Compose sequence standard

Wed Jun 4 10:51:54 EEST 2003

As modern unix desktops are moving toward unicode, it'd be nice if there were standard
compose sequences available to access a reasonable subset of unicode on latin alphabet
keyboards. (I'm thinking especially of American ones, simply because there are quite a lot
of them out there, and mine is one of them.)

A while back I made a stab at implementing a wider set of compose sequences in gtk, but
for this to really be useful it ought to be a standard across all X desktop programs,
which is why I am appealing to this forum.

I expect that it should be possible to expand my list a little, and I make no guarantees
that there aren't any outright bugs, but it's a starting point. My version of the file in
gtk with my expanded list of compose sequences is at:

http://www.xprt.net/~munizao/hacks/gtkimcontextsimple.c

The compose sequence table should be pretty self-explanatory even for non-gtk folks.
(This worked with gtk+ 2.0.6 and 2.0.7. I haven't had time to keep it up to date.)

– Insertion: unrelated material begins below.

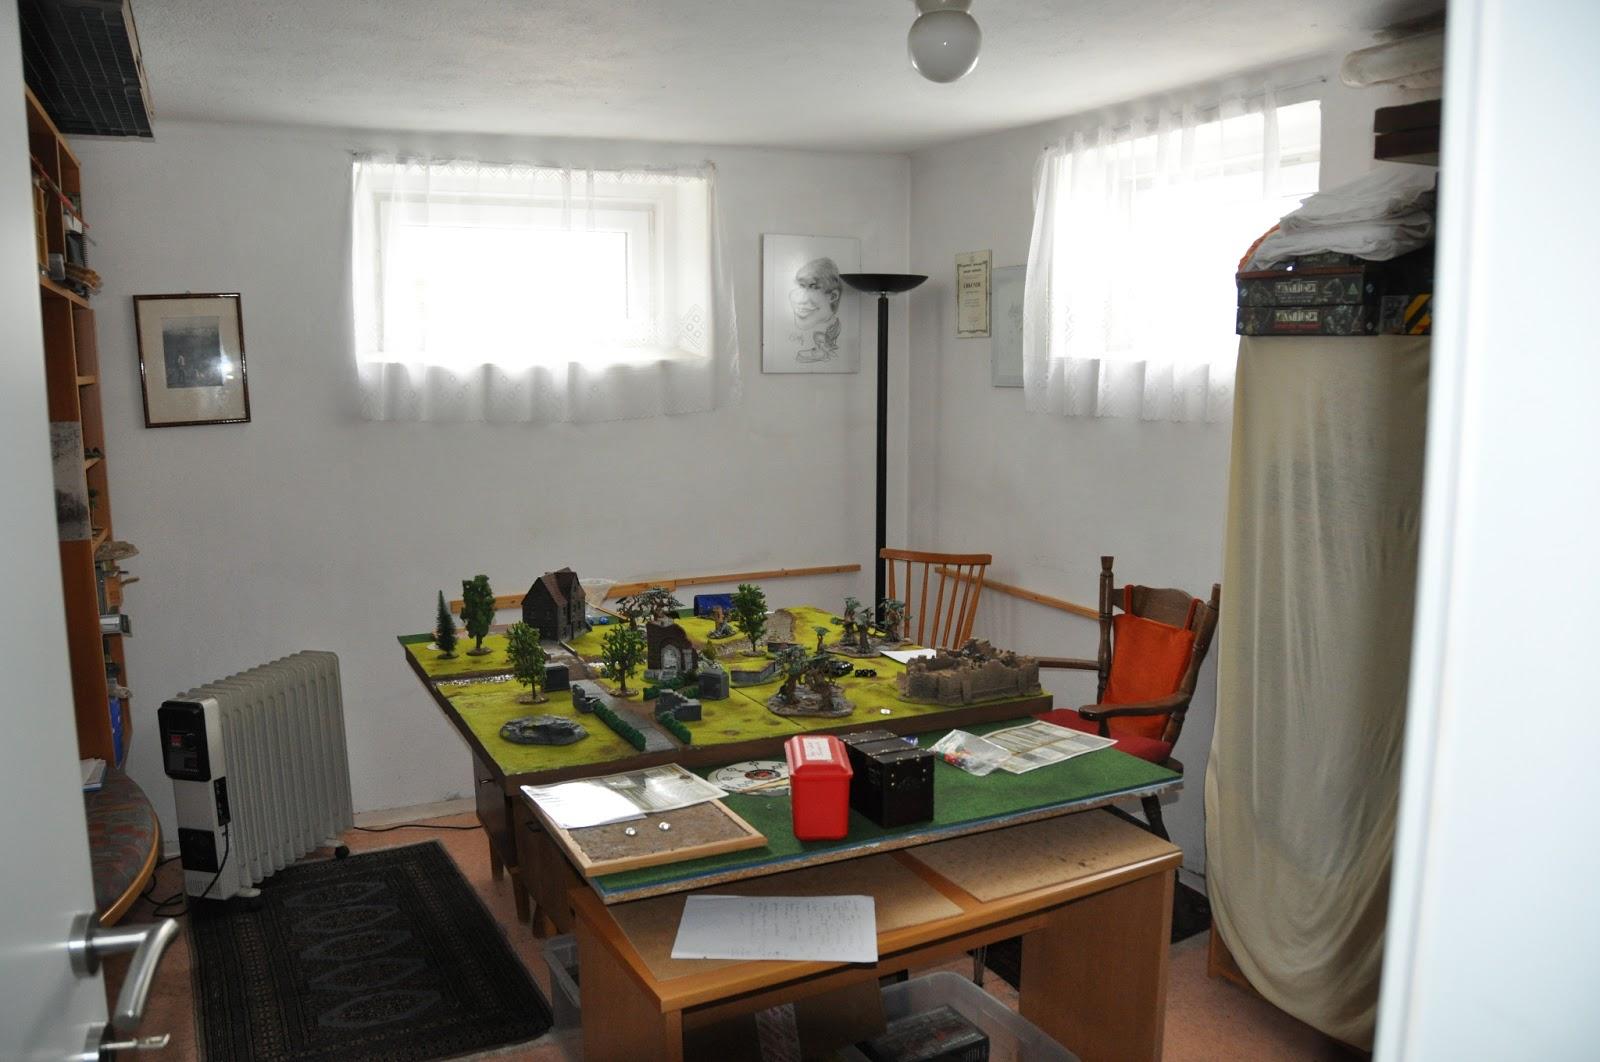 tabletop werkstatt wo findet das hobby statt. Black Bedroom Furniture Sets. Home Design Ideas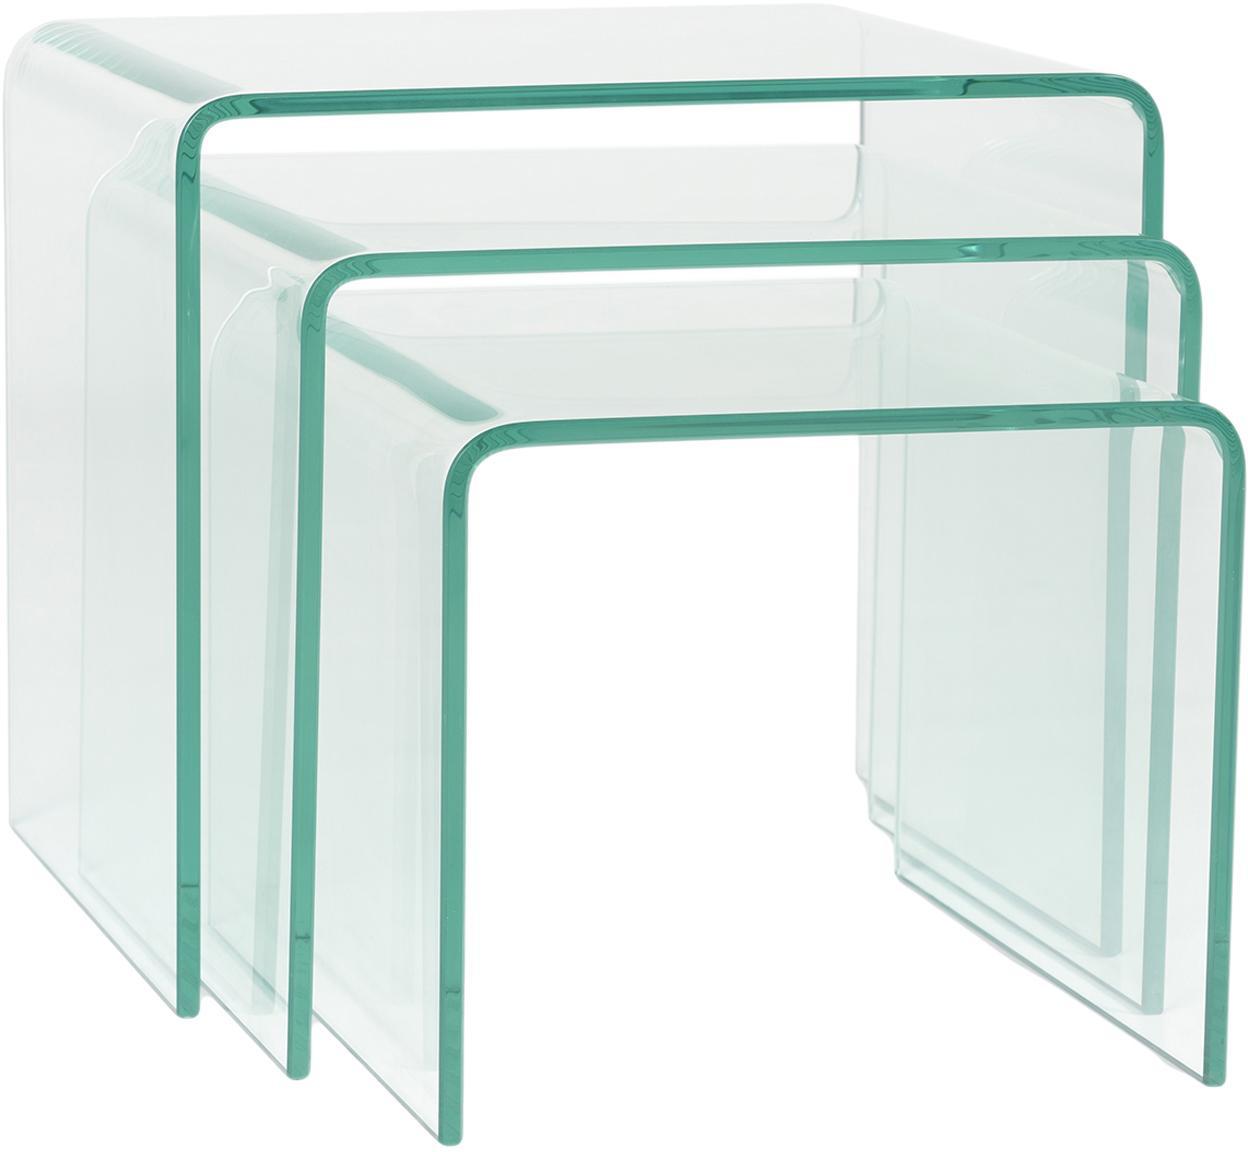 Set de mesas auxiliares Ringo, 3pzas., Vidrio templado, Transparente, Set de diferentes tamaños

I tried to follow the following rules in coming up with my set of compose sequences.

1) Only two-character compose sequences are allowed.

2) Preëxisting compose sequences used for the various Latin-n character sets in X should
be retained.

3) Mnemonics for compose sequences should not be based on a particular language. One
example of such a mnemonic is 'v' + 'b' for vertical bar, (which is retained due to 2.)

4) Mnemonics for compose sequences should make sense visually. However, I'm willing to
bend this for the sake of coverage. (For example, I have 'o' + ':' → 'ő'. I hope
Hungarians will forgive me, but it was the best I could do.)

5) Mnemonics for compose sequnces should be consistent. '<vowel>' + '-' should always
produce the <vowel> WITH MACRON character. But coverage should be weighed against
consistency. I added 's' + '-' → 'ſ', which might be a little inconsistent, but it was the
best sequence I could find to cover that character.

6) Compose sequences should produce the same character as the corresponding reversed
sequences. (But not necessarily if reversing them breaks the mnemonic. For example, ':' +
')' → '☺' (WHITE SMILING FACE) but ')' + ':' → '☹' (WHITE FROWNING FACE))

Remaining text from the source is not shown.